One of the first poems I wrote this way was “Hoktiwe,” the second poem in the film. The word hoktiwe means “we are together,” something I thought about while isolated, and eventually quarantined, at A Studio in the Woods during that time. I read it publicly at A Studio in the Woods the day after I finished the first version, and was met with a good response. I would eventually revise it dozens of times before it got to its final form. This was a good way for me to begin learning Ishakkoy. In time I began composing my own Ishakkoy sentences, and the first poem of the film, “A Studio in the Woods,” was one of my first efforts in that regard. The tedium pays off, I find. The dull, plodding note-taking was the core of it. More than in any other work I’ve done, I learned the value of tedium by making poems in Ishakkoy.
Collabs and Comrades
George Scheer, executive director of the Contemporary Arts Center New Orleans, contacted me in the summer of 2020 and asked if I might be interested in contributing to their open-call exhibition Make America What America Must Become, whose title was taken from a James Baldwin essay. I am not much of a visual artist, even if I have produced some works and have been in art shows. I had the idea of making a film from some of my poems. I am not a filmmaker either, but I knew immediately whom I would ask to be a collaborator, namely, Fernando López, who has contributed photos to a zine I coedit. I have admired his work for a while, and so I approached him with the idea that he should make whatever film he wanted to make of the poems.

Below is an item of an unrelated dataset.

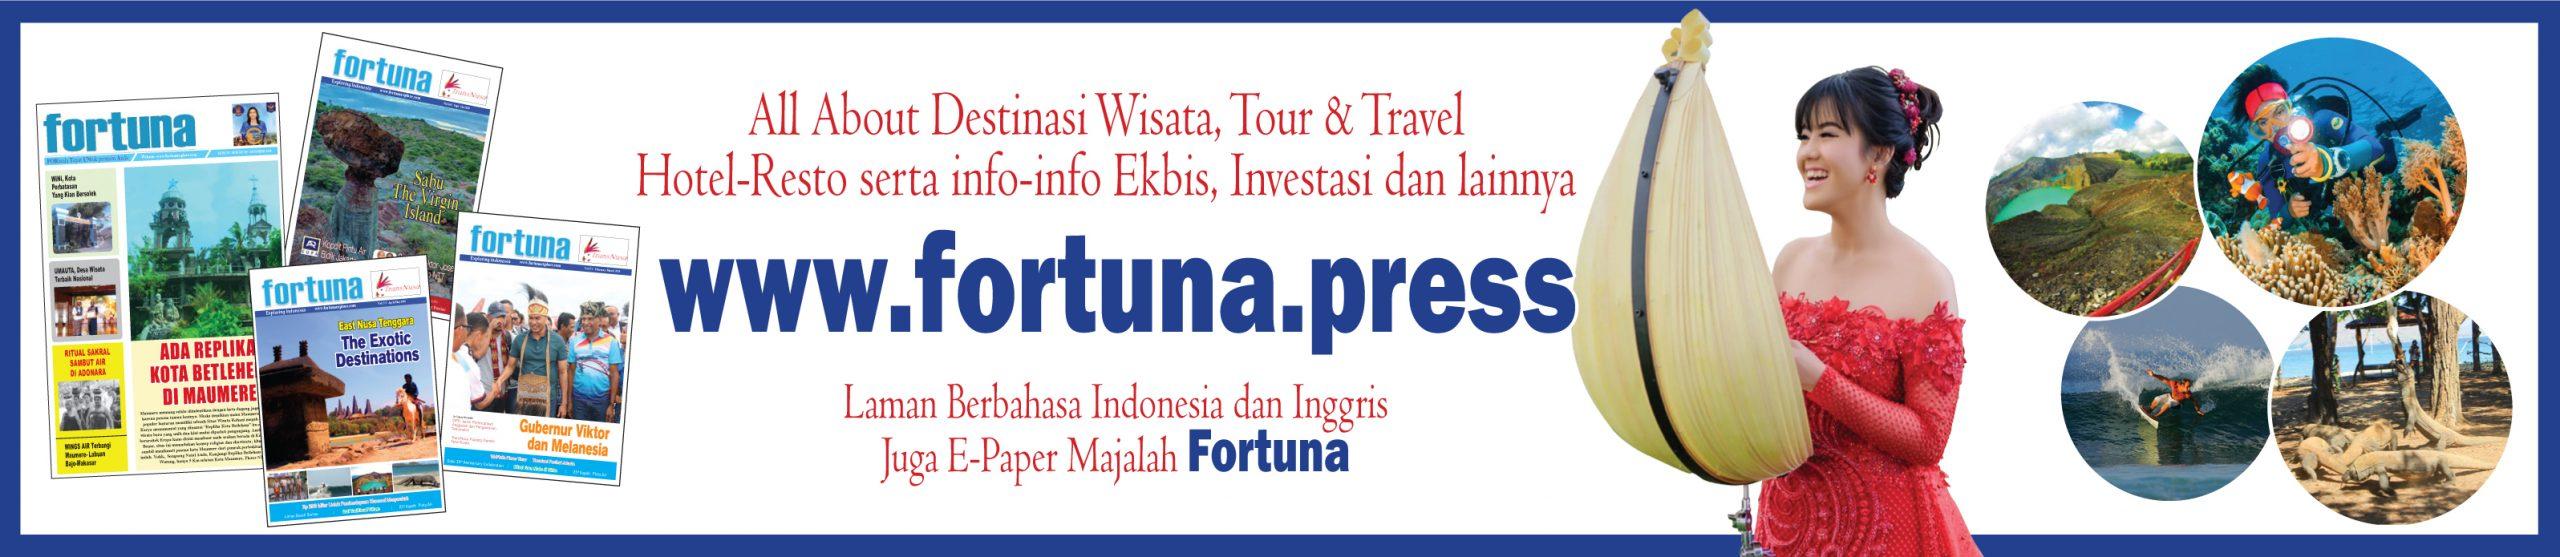 Fortuna English Version

That is collaboration. Fernando was not my employee hired to film something. He was and is my comrade and collaborator. He was taken on not merely for his expertise, but also for his ideas. We worked out some ideas for shots, and filmed it at A Studio in the Woods, given that one of the poems refers to that place and both of the poems in the film were written there. The visuals are his. It is his film, as he was behind the camera or controlling the camera on a drone. He edited the visuals. The text and music are mine. We made it together. It is ours, and I liked working this way, with divisions of labor like that.
Fernando had the idea of making a sort of music video out of it. In addition to shots of me moseying about at A Studio in the Woods, he also filmed me recording the audio of the poems plus the music I had composed on guitar, thunder tube, and hand drum. Our recording engineer, James Whitten of HighTower Recording, showed great skill in making it as easy as possible for my ideas about the audio to be realized in the best recording experience I’ve had in decades.
As such, the first Ishakkoy film came into existence, and I continue to enjoy it. It played at the Contemporary Arts Center New Orleans for the duration of the exhibition. On my first visit to see the exhibition in person, George Scheer told me that the looping, somewhat unresolved, guitar lick of the film is an excellent metaphor regarding the struggles of our times. I have to agree.
About Jeffery U. Darensbourg
Writer, public speaker, researcher, zinemaker, and provocateur Jeffery U. Darensbourg, PhD, is member of the Atakapa-Ishak Nation of Southwest Louisiana and Southeast Texas. He is the founder and Editor-Who’s-not-a-Chief of Bulbancha Is Still a Place: Indigenous Culture from New Orleans. Recently a writer-in-residence at Tulane University’s A Studio in the Woods and a Monroe Fellow of New Orleans Center for the Gulf South at Tulane, Jeffery is working on a book length study of the Atakapa-Ishak of Southwest Louisiana.